FMP Inspiration/ Colour Palette? Mary Katrantzou: I want to utilize the technique I already know & play to my strengths not only in textiles techniques but my drawing style as well as producing a body of work based around a brief Im extremely interested in. I want to push myself by experimenting with digitally printed textiles, using CAD skills which Im hoping to develop & practise. I thoroughly enjoyed my first textiles project in specialism based around interpreting fashion trends so would consider looking at this again using the Trend magazine, Textile View from the library possibly for Spring/Summer 2015. Floral is the most popular & most commercial style- as I said before is the degree Im going to study in September at the University of Huddersfield focuses on commercial design. Moreover at time of FMP- Spring moving into summer, primary sources will be in abundance, photography & drawing/painting from observation which I can then stylize in Photoshop which could then be placed on a photo stencil screen. Finally I want to experiment with my strong sense of colour combining with my free machine/hand embroidery skills in creating a range of A3/A4 fabric samples with CAD & drawn versions with design ideas.

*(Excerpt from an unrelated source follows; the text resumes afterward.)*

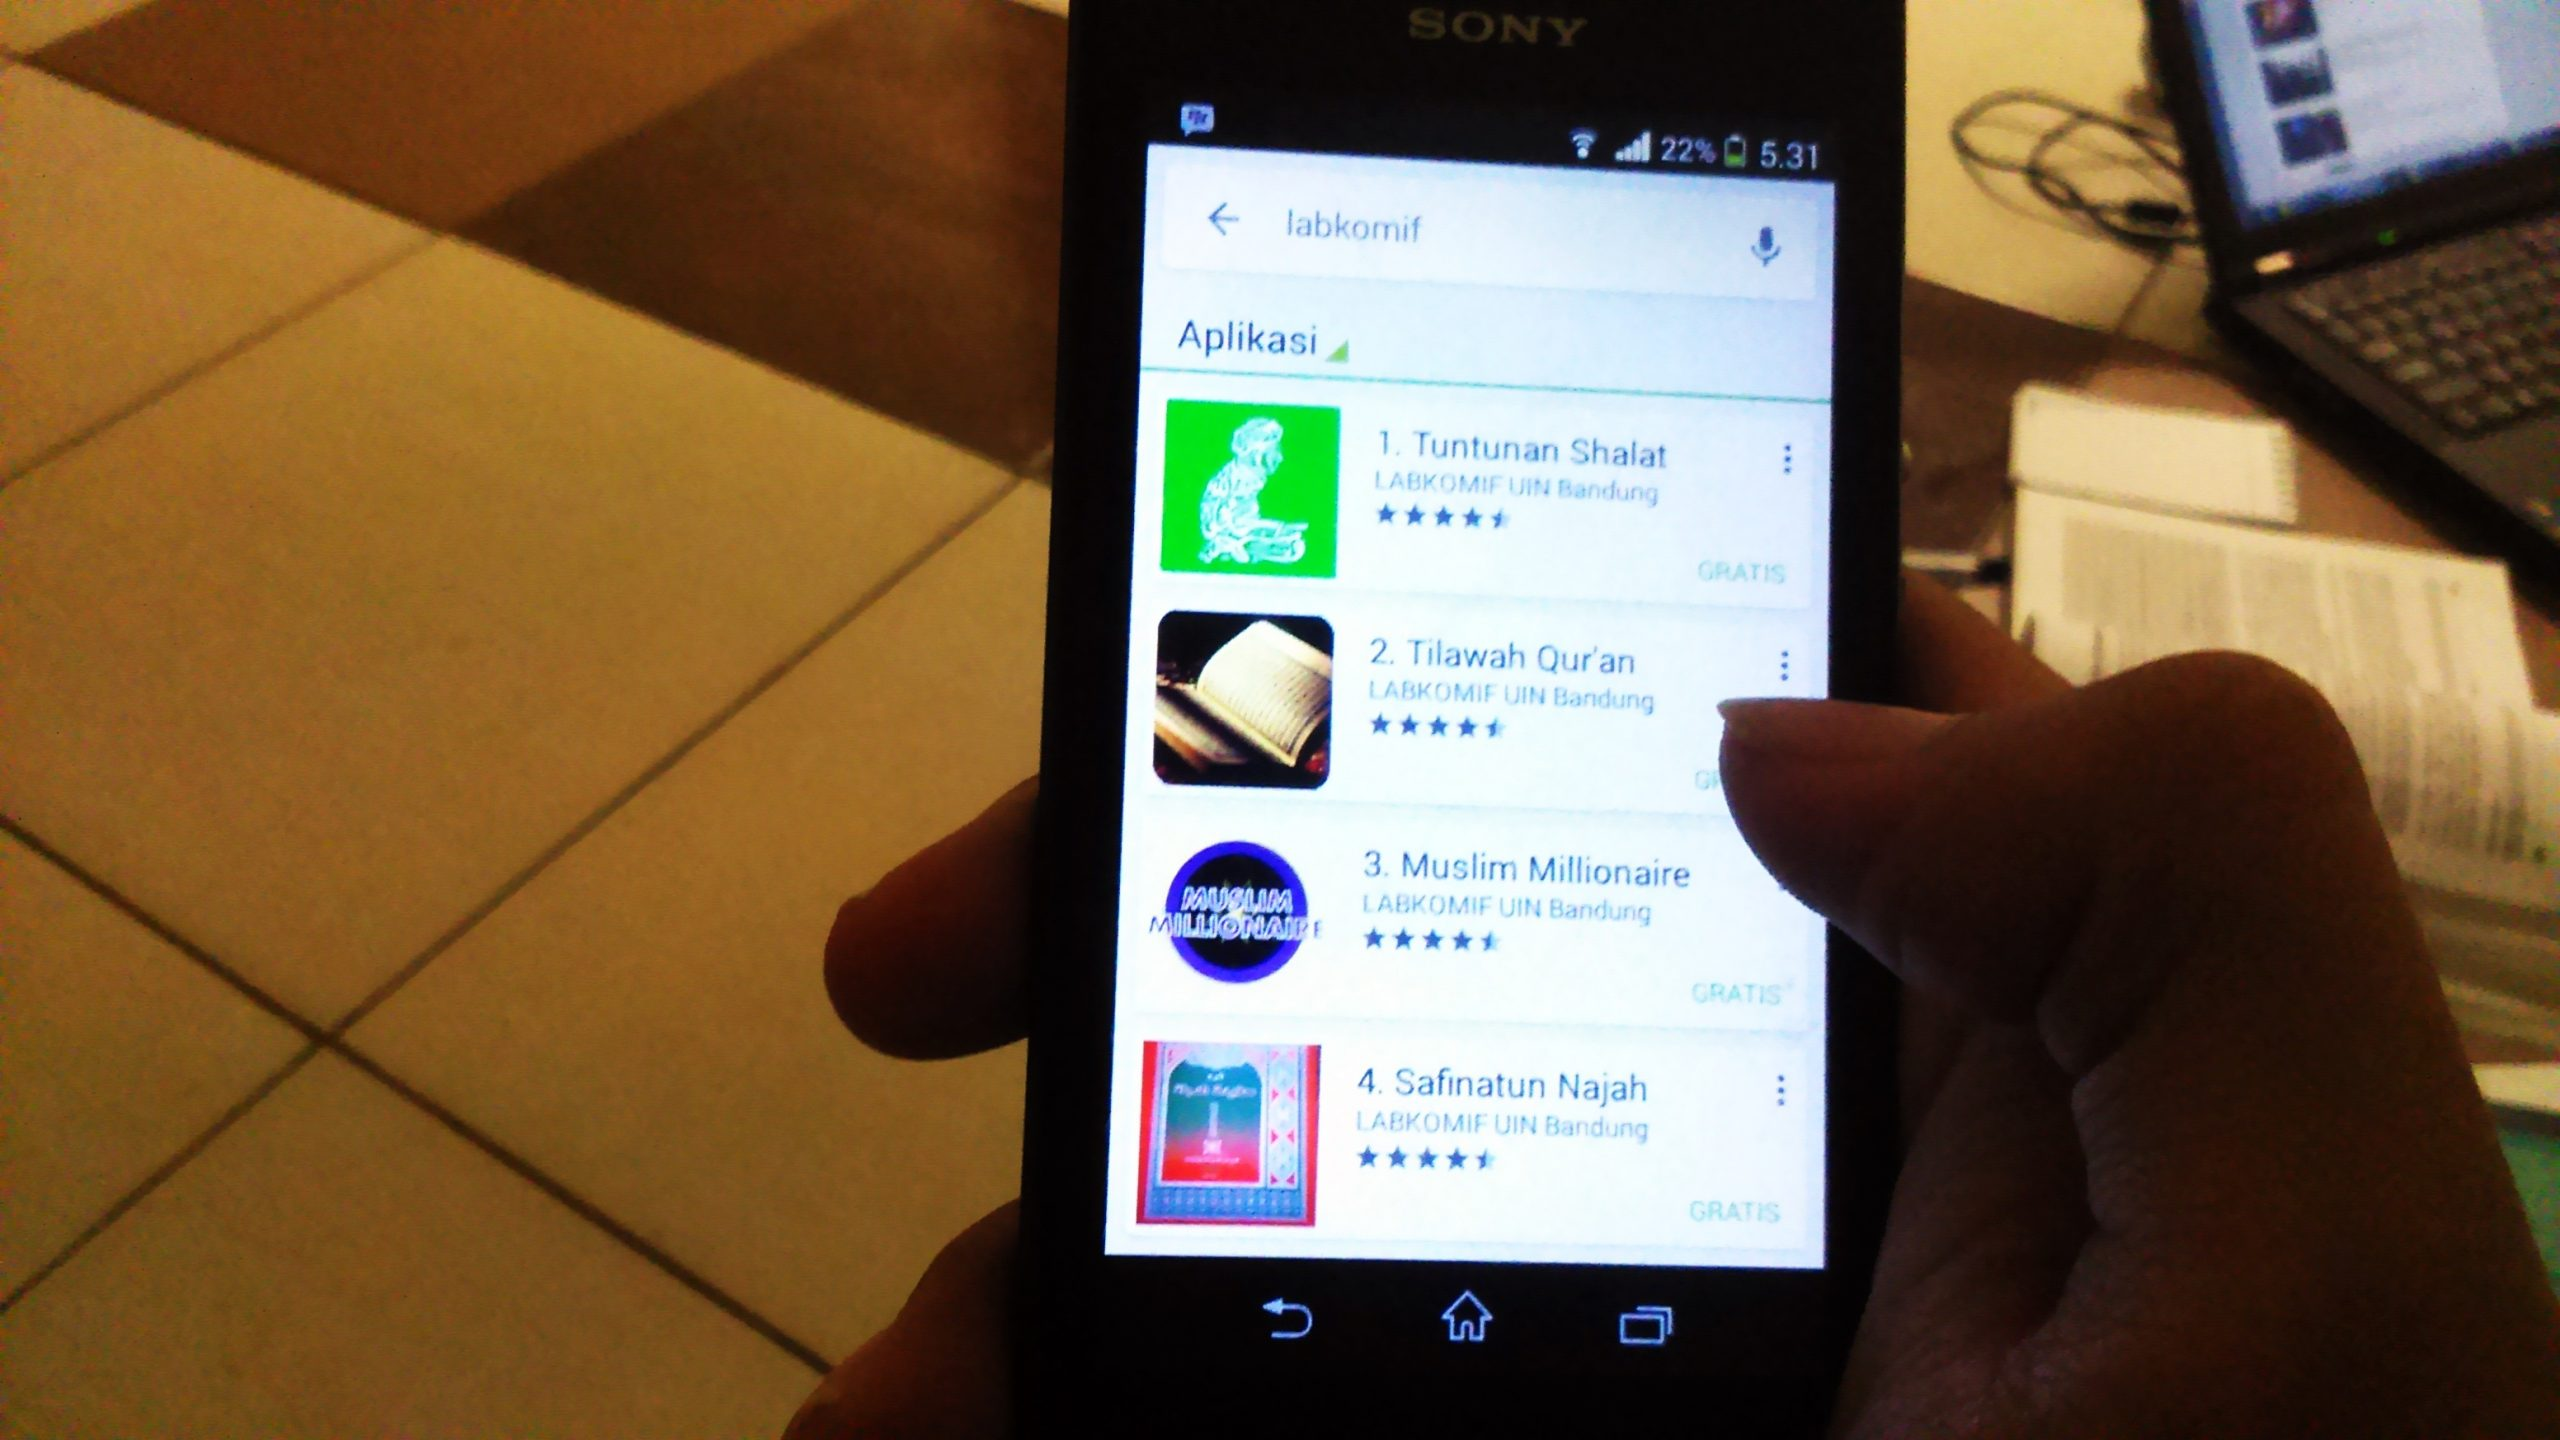 Berbagai Aplikasi android yang di unggah oleh Labkomif UIN SGD Bandung pada Playstore.

I wont be making any garments however would like to do some visuals, make scarves for a collection in satin/silk like fabrics (see image left) but would experiment with other fabrics like cotton/crepe de chine/ organza. Taking advantage of the print/digital resources at Park St. & Queens Gardens. Colour Palette; brights with hints of neon mixed in occasionally with metallic iridescent pastels, to brighten, lighten and freshen the whole thing up.
Fabrics for womenswear fashion/accessorie s market Pastels & brights colour palette Season- Spring/Summer Exploring traditional techniques- screen printing & hopefully digital work- Photoshop. Combining print with embroidery & embellishment Like the affect satin silk fabric achieves? Floral imagery working with primary sources, photography, drawing, painting.